Heroism in Times of Crisis
The Defense Production Act of 1950 was signed by President Harry S. Truman during the Korean War amid concerns about supplies and equipment during the war. The act gives the federal government broad authority to direct private companies to produce critical goods to meet the needs of a war effort or another emergency, such as a terrorist attack or natural disaster. President Trump invoked the Defense Production Act in response to the Covid-19 pandemic.
The pandemic has created an urgent problem of shortages of adequate protective gear and medical equipment including masks, respirators, eye protectors, gowns, gloves, test kits, and ventilators. Frontline healthcare providers risk exposure to coronavirus without protective gear. The CDC has not released U.S. data about infected providers. In Italy, where doctors are also struggling with shortages of protective equipment, 1,700 healthcare workers have been infected with Covid-19 or 8% of all cases, according to Doctors Without Borders. Invoking the Defense Production Act enables the Federal government to order American companies to convert to mass producing and distributing medical equipment on an emergency basis.

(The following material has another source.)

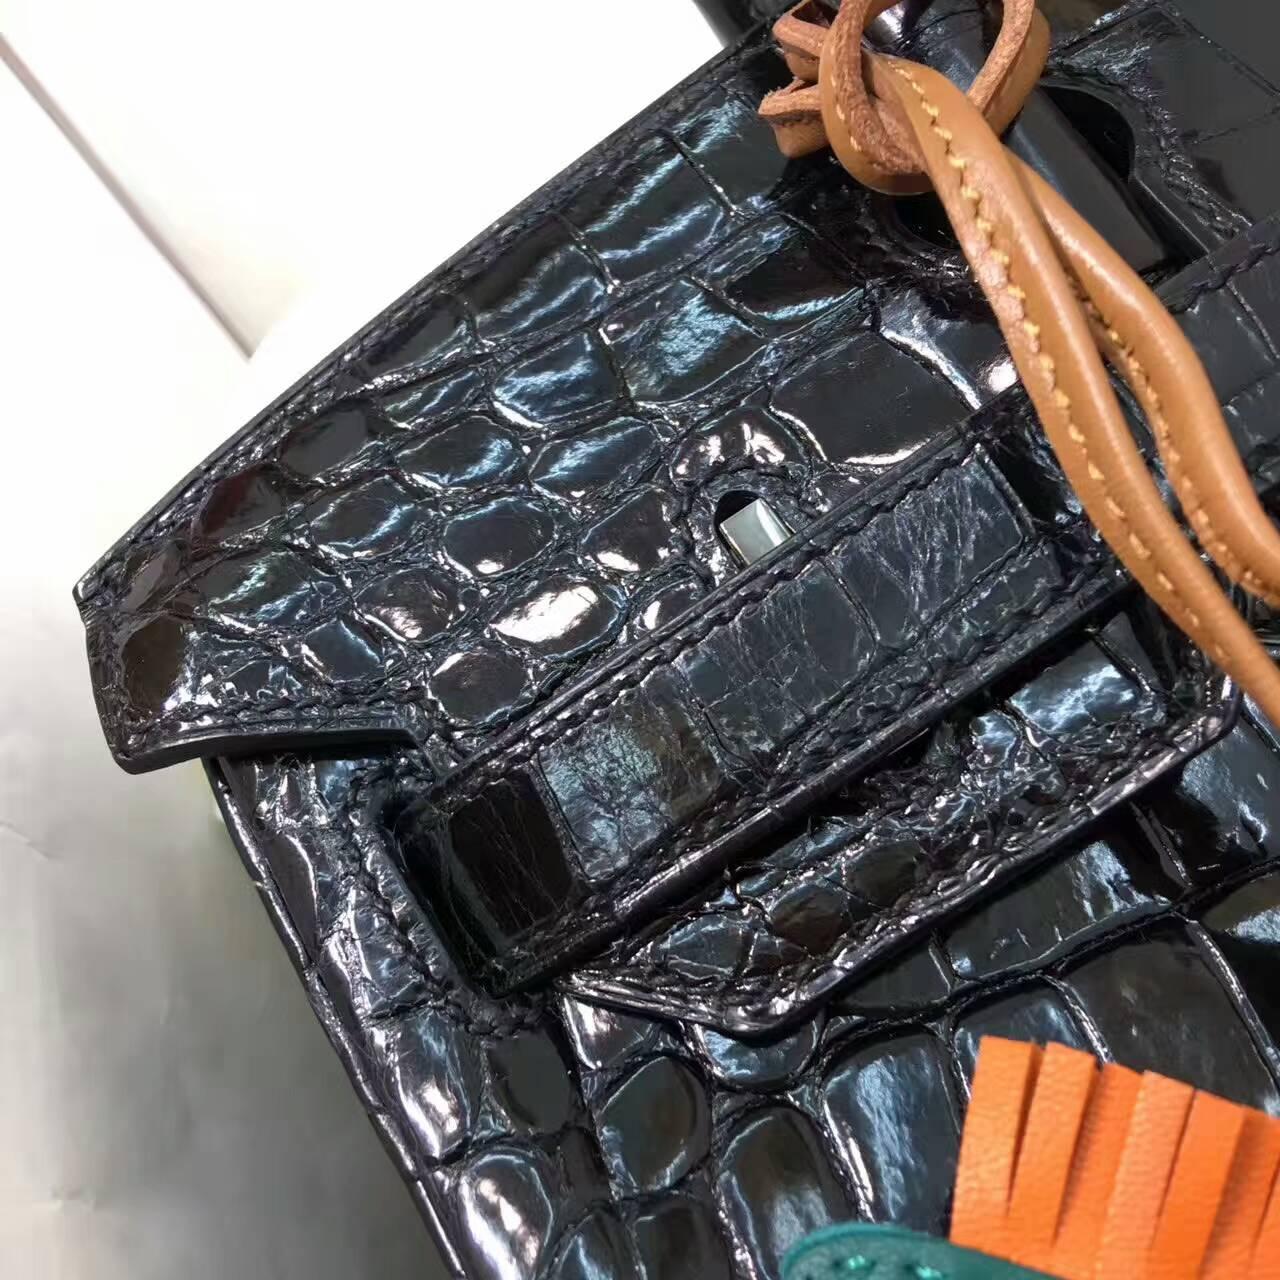 Birkin铂金包 Hermes包包 30cm Shiny Niloticus Crocodile 亮面两点非洲原产尼罗鳄 89 Nior 黑色 黑扣

The Covid-19 pandemic is like a war, but the enemy is the virus. Within two weeks after the Japanese attacked Pearl Harbor, American auto factories converted to make tanks instead of cars. Currently, General Motors is shifting manufacturing capacity from cars to medical equipment. The U.K. has asked Rolls-Royce and Jaguar to make ventilators.
Meanwhile, healthcare workers are facing this crisis heroically. In New York, Boston and Seattle, nurses and doctors have created their own assembly lines to make protective kits with donated sports goggles, bandanas and parts purchased at craft and office supply stores. Some doctors are taking the N95 masks home to wash them with bleach and reuse them. One hospital ordered protective equipment from a company that supplies goggles and masks to construction workers. Emergency department providers reinforced the elastic bands to reuse old surgical masks.
A grassroots army of volunteer seamstresses are making surgical masks to respond to the shortage of masks. They are to be used as a first line of defense in lower risk situations for hospital employees or to cover N-95 masks to keep them clean for extended use. Mask-making guidelines are available at Mercy Medical Center
Another grassroots organization begun by the chair of the astronomy department at the University of Washington, Julianne Delcanton, sought donations of respirators. Respirators are used for paint projects, to block smoke fumes and to reduce inhalation of chemical or toxic particles. In 48 hours, she has 1,700 unused respirators and a network of 15 volunteers to pick them up and distribute them to Seattle hospitals. The owners of a boot dealership in Maryland donated 14,000 N95 respirators to the state health department.
The Defense Production Act can be used to mass produce and coordinate distribution of critical medical supplies before the need worsens and shortages become even more dire. Grassroots movements have emerged to help to fill the gap in medical supplies. The heroism and resourcefulness of frontline healthcare workers and concerned private citizens inspires all providers and people to volunteer in creative ways to help to meet the demands of a global pandemic.